SUPPLIED MATERIAL »
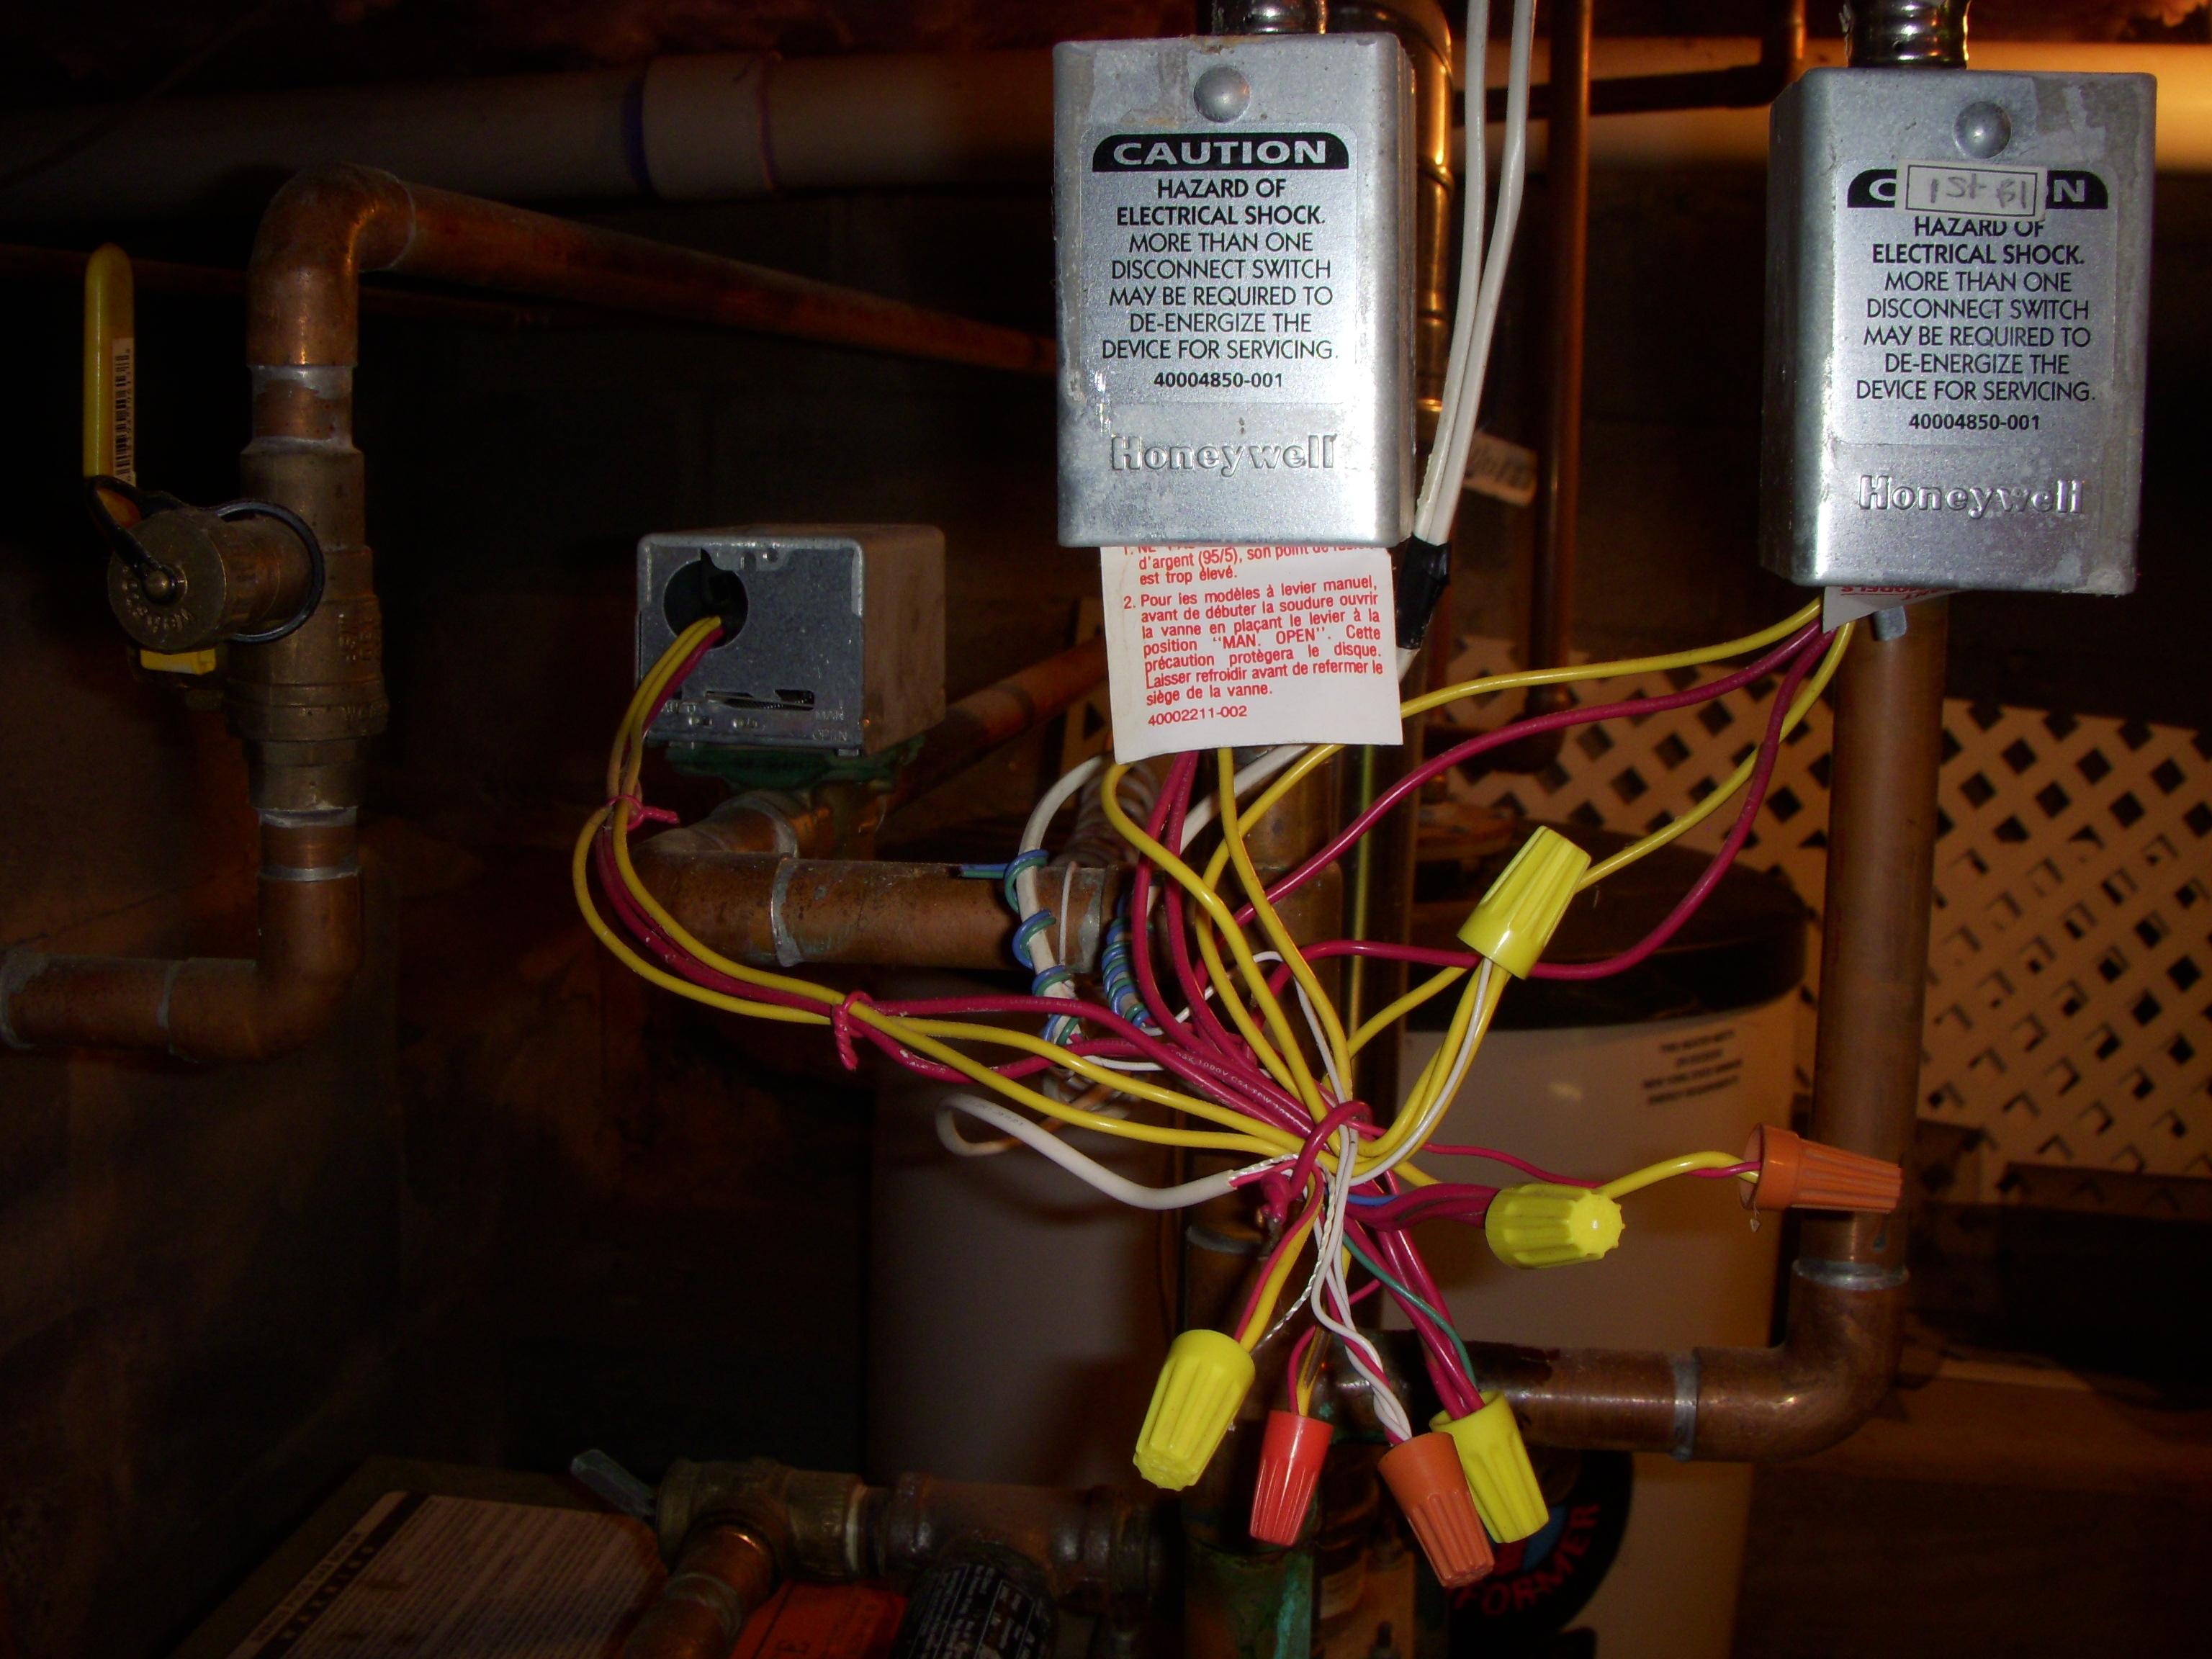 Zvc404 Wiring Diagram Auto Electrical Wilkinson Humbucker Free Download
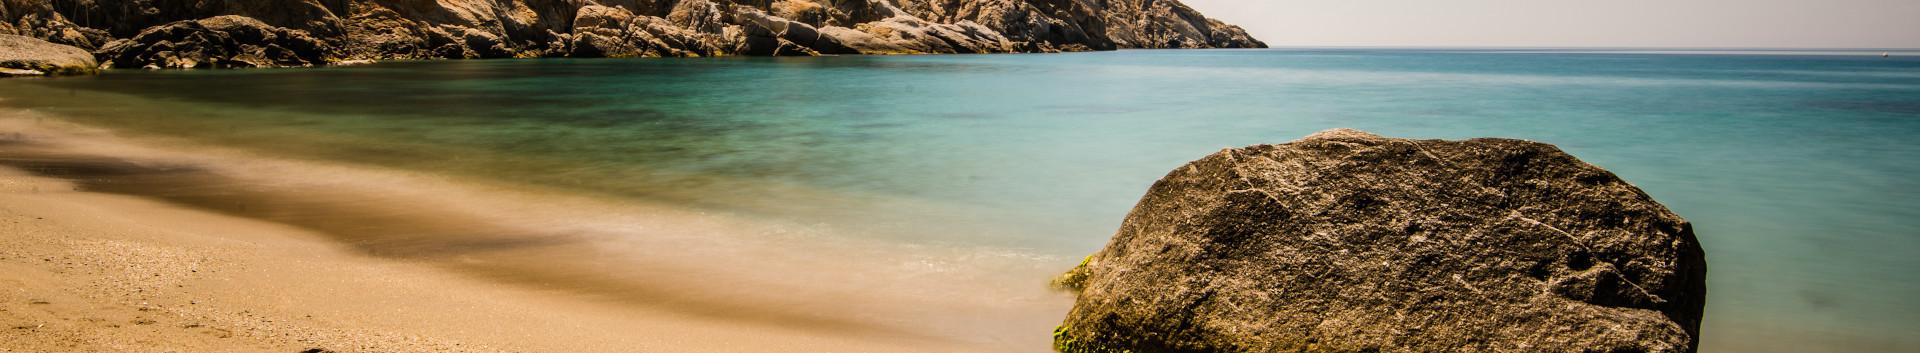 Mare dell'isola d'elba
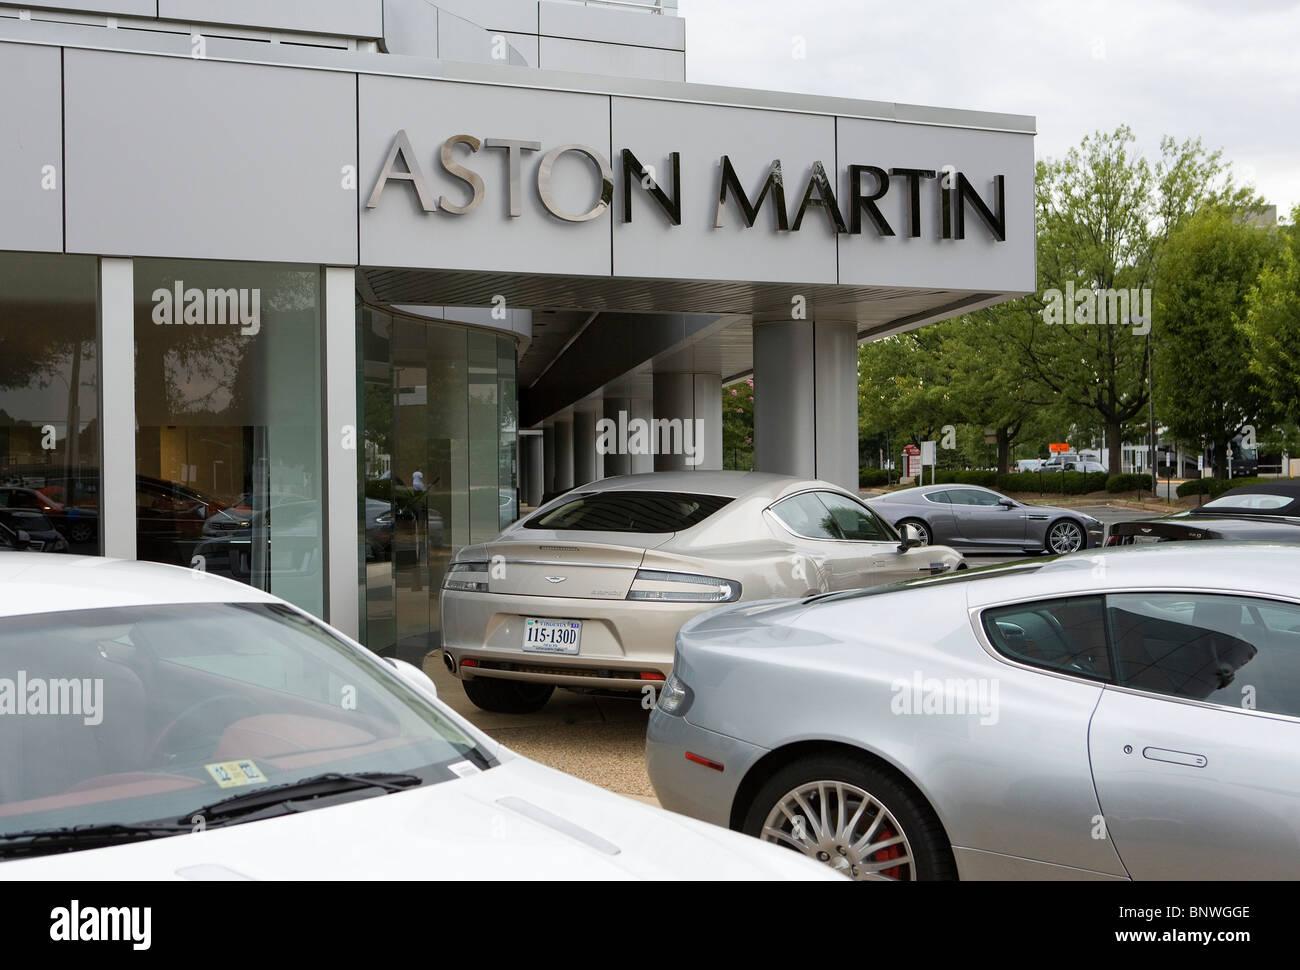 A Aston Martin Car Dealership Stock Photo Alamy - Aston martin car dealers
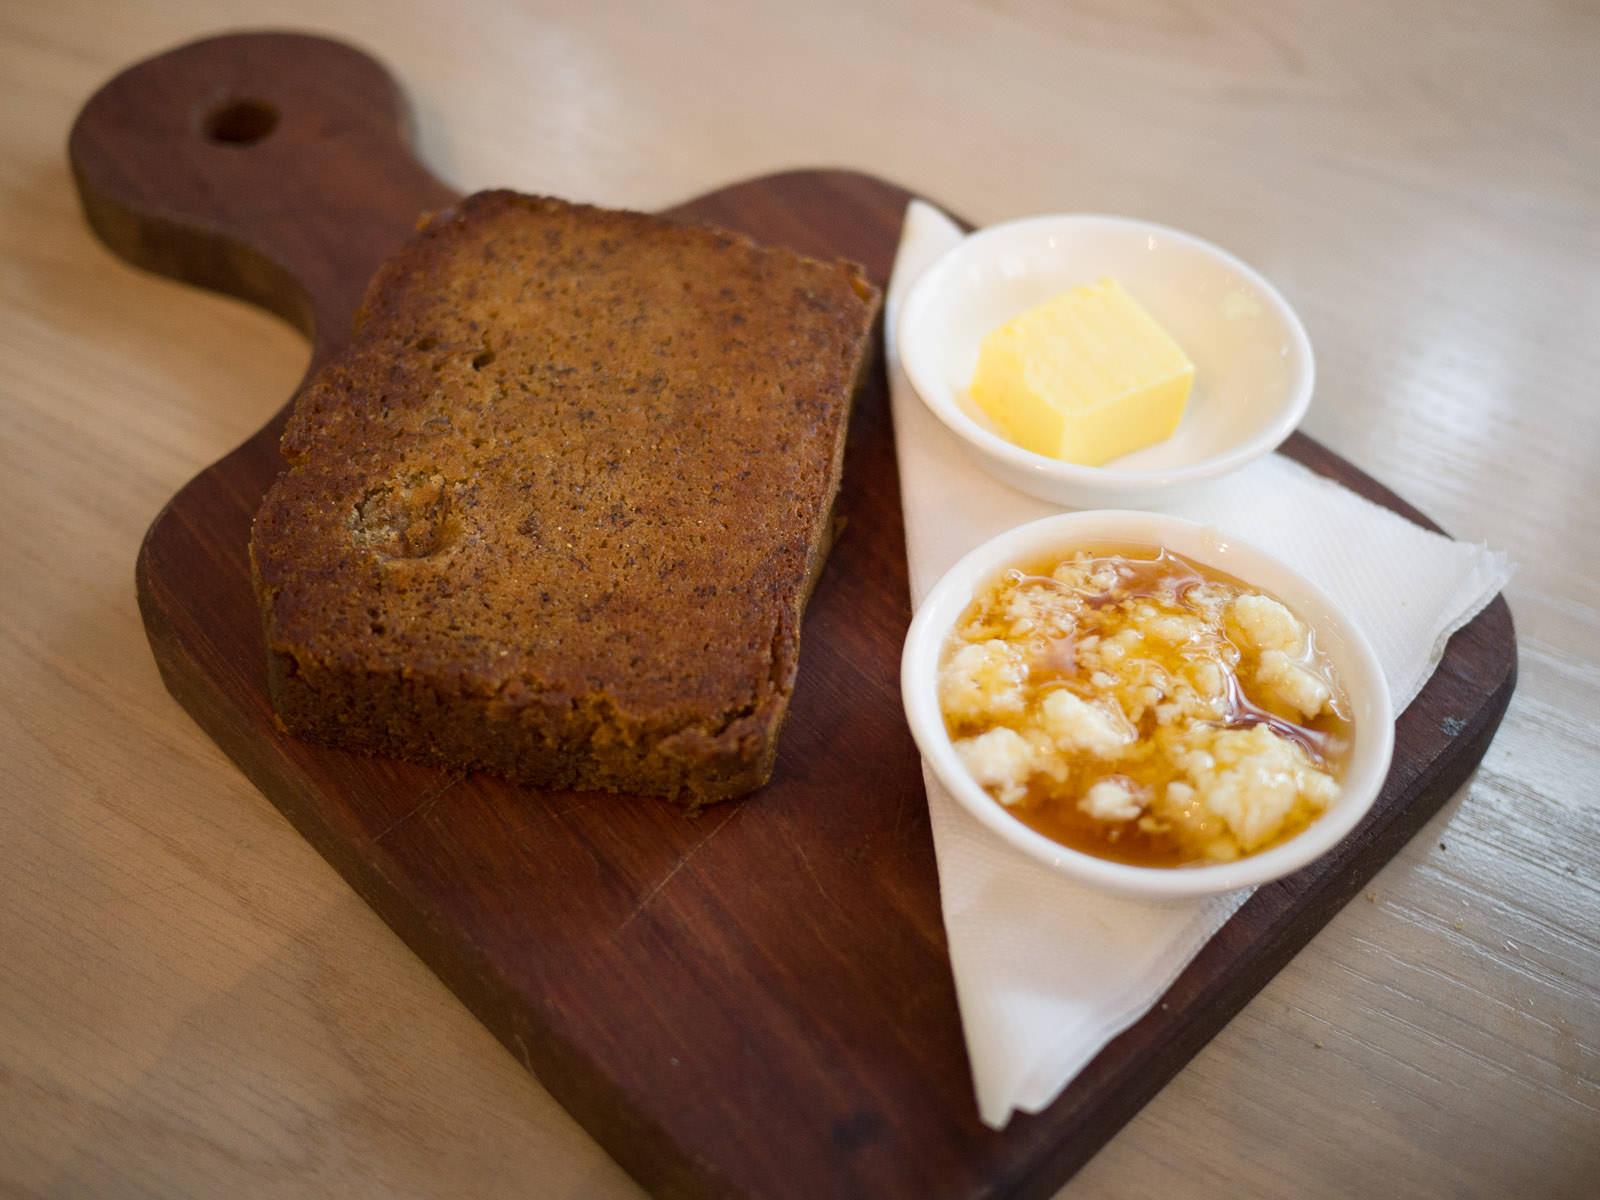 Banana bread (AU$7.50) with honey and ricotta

EXERCISE INSTRUCTIONS »
Lines before the one containing "Mare dell'isola d'elba" are not wanted; repeat that line and the rest of the listing exactly, leaving out pictures.

RESPONSE BELOW »
 Mare dell'isola d'elba
 A Aston Martin Car Dealership Stock Photo Alamy - Aston martin car dealers
 Banana bread (AU$7.50) with honey and ricotta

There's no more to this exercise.